If every householder fails to get to grips with their rubbish, then it will weigh heavily on their pockets, with an extra £0.5 million having to be found in the next three years.
And it's the ratepayers that are going to have to meet the cost of this mounting problem.
As it stands Strabane District Council is forking out some £1.5 million on waste disposal, almost half a million pounds on collecting your rubbish, £68,000 on collecting bulky waste, over £200,000 on civic amenity sites and over half a million in street cleansing.
The local authority currently pays landfill tax of £24 per tonne to the government.
But over the next three years that will increase to £48 per tonne and by 2010/2011 it will be forking out a staggering £48 per tonne.
And based on current and predicted waste figures, Strabane's ratepayers will exceed the district's landfill allowance in 2009/10 by 2,550 tonnes.
This in turn means that the Council will face fines of £150 per tonne and be levied an additional £40 per tonne landfill tax.
Compare that with 10 years ago - when the Council closed its landfill site at Carricklee - the cost of managing rubbish was a mere £76,000.
Householders have consistently failed to meet targets set by Malcolm Scott's team since 2005. And in this year alone - just five months in - there are already 9133 tonnes of rubbish meaning that a target of 17,800 tonnes per year is now unachievable.

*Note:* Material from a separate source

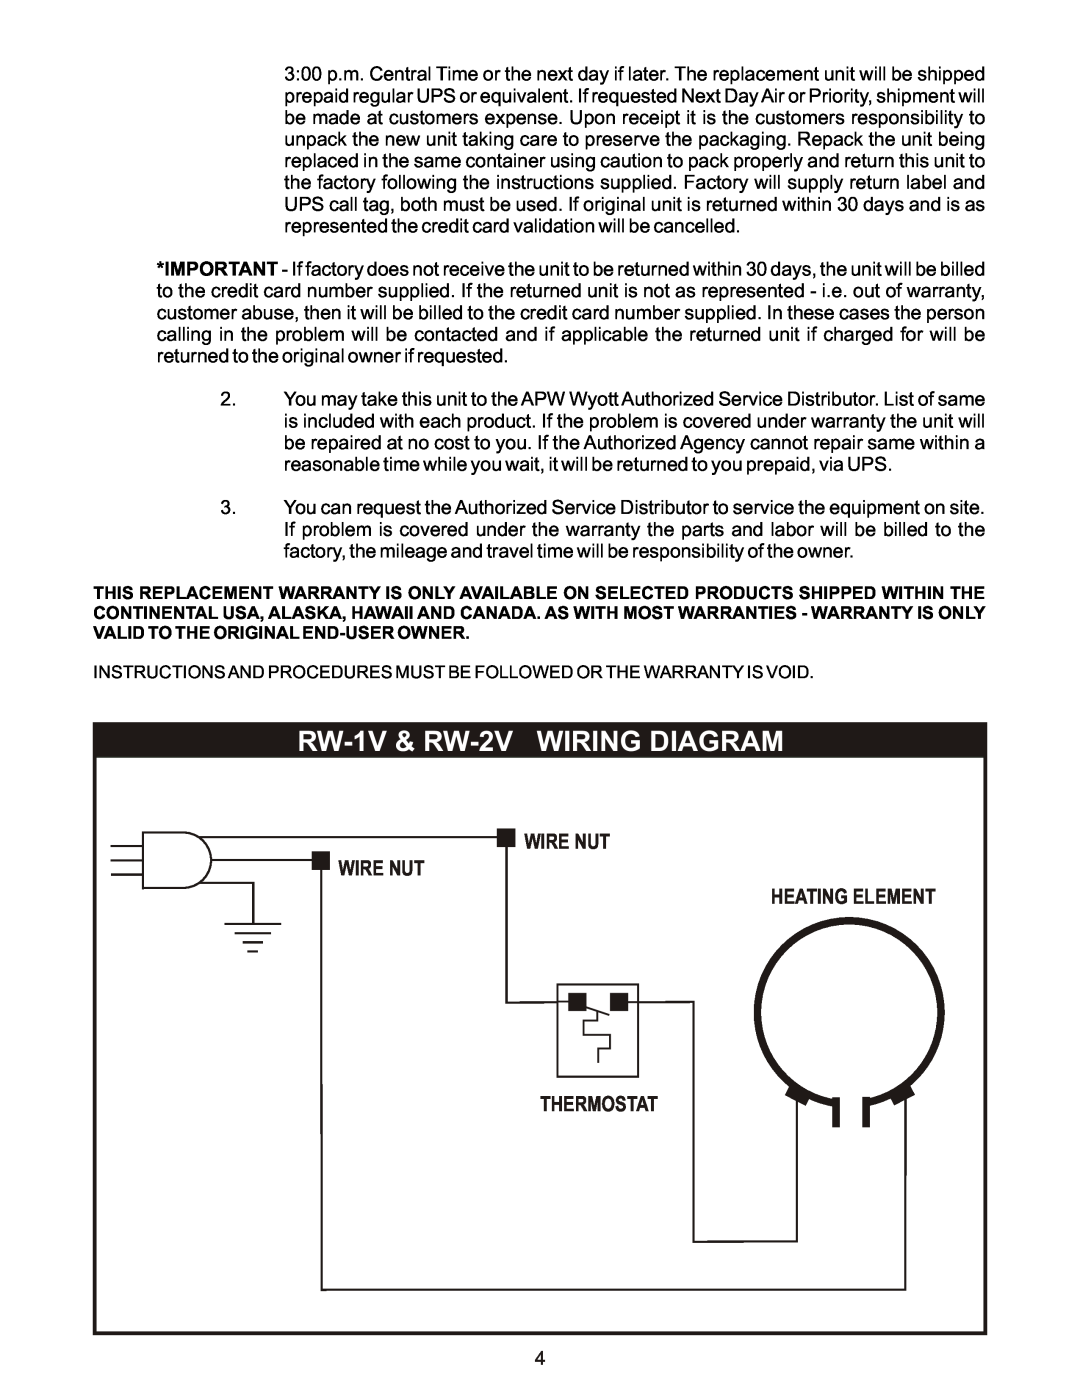 APW Wyott manual RW-1V& RW-2VWIRING DIAGRAM, Wire Nut Wire Nut Heating Element Thermostat

On top of that, householders should be red faced that the Council is 20th (out of 26th) in the league of performance indicators of recycling through blue bins.
Introduced to Strabane in 2005 there is only some 19.3-20 per cent of rubbish recycled.

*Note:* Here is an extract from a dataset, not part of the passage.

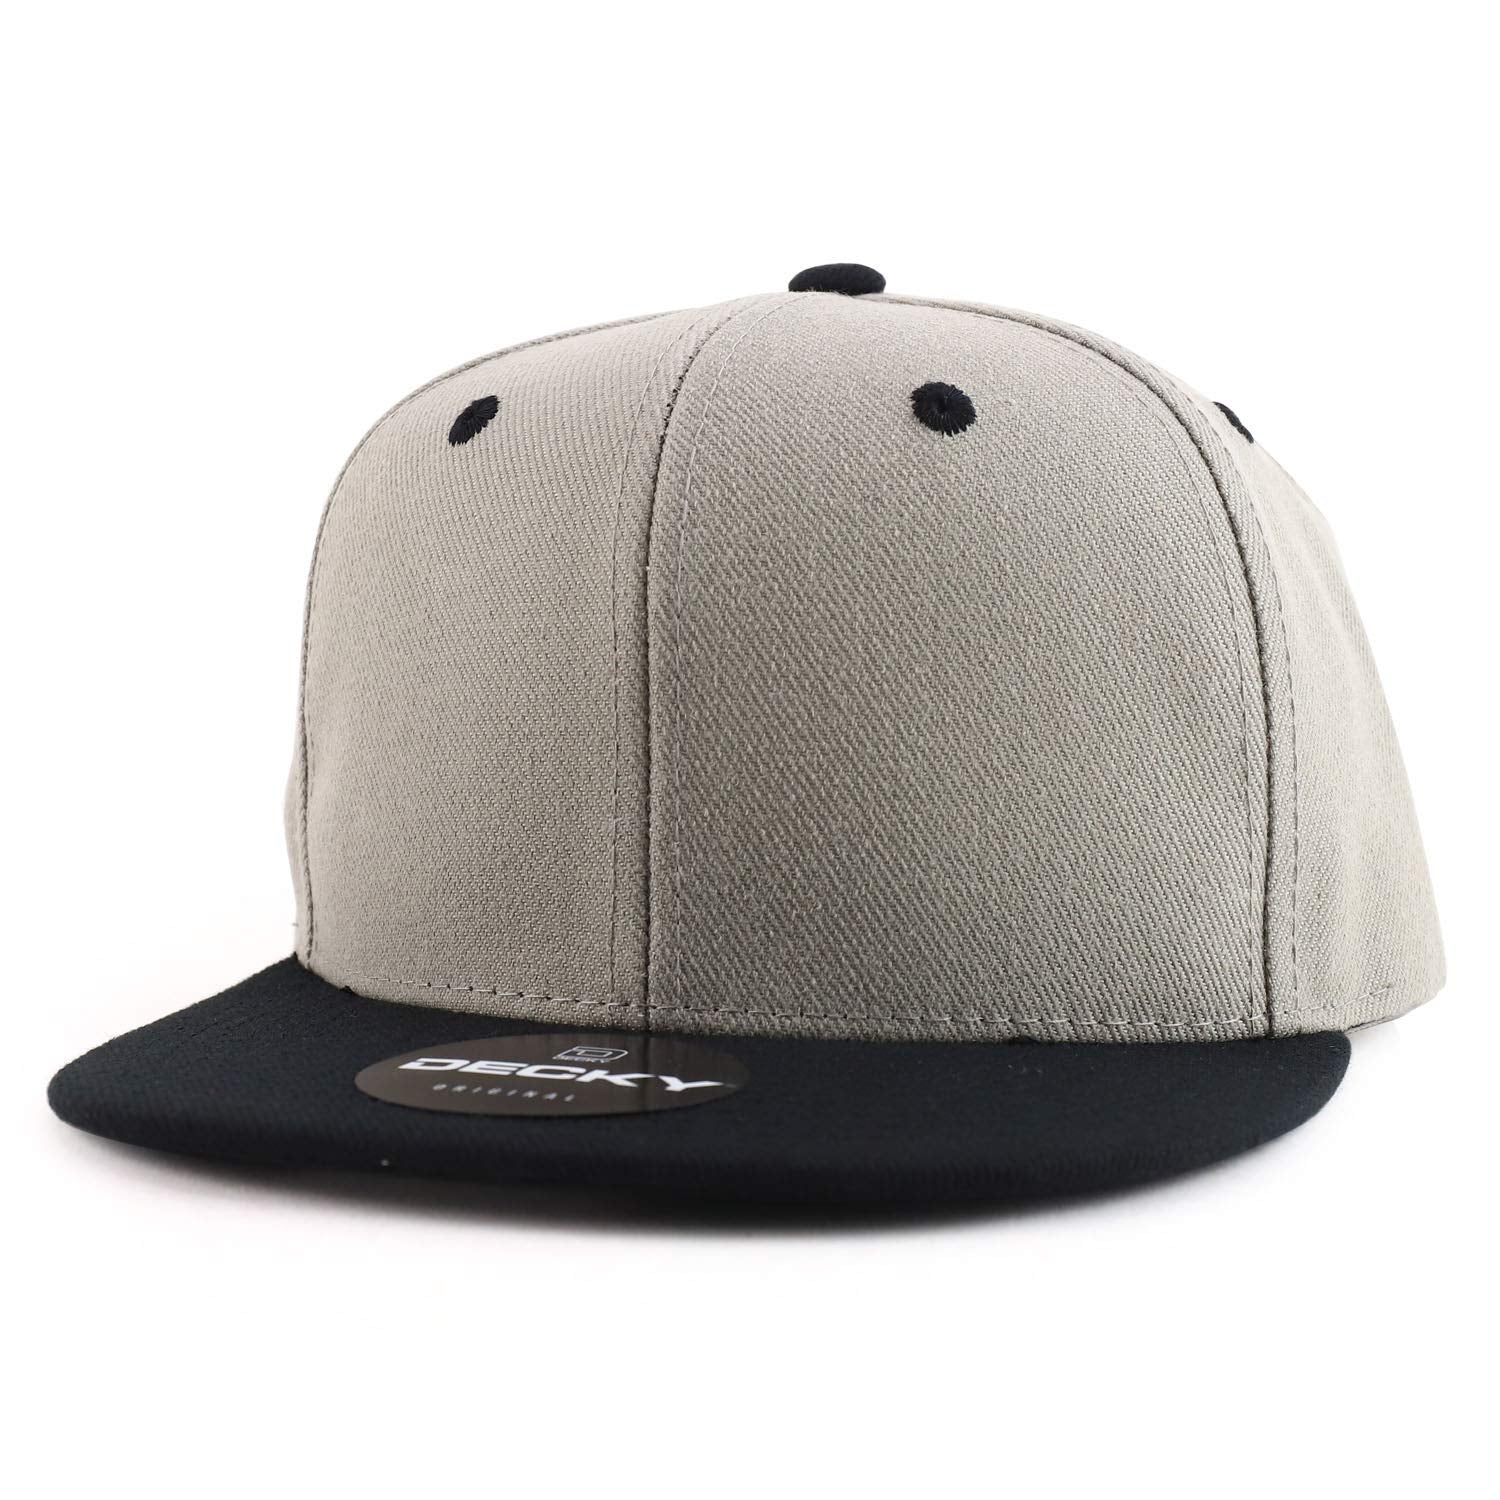 Armycrew Women's Size Two Tone Flatbill Snapback Baseball Cap

"It says a lot for Strabane," says Malcolm Scott who admits that he would be happy to get that figure up to even 25 per cent.
On average only 65 per cent of people in the district leave out the blue bin for collection, which means 35 per cent are not recycling at all. In some cases the blue bin is being used to store black bin waste until the next 'black bin' collection day.
Currently, only 4,2000 tonnes of rubbish is recycled through the blue bin scheme and the existing civic amenity sites. It's time to act.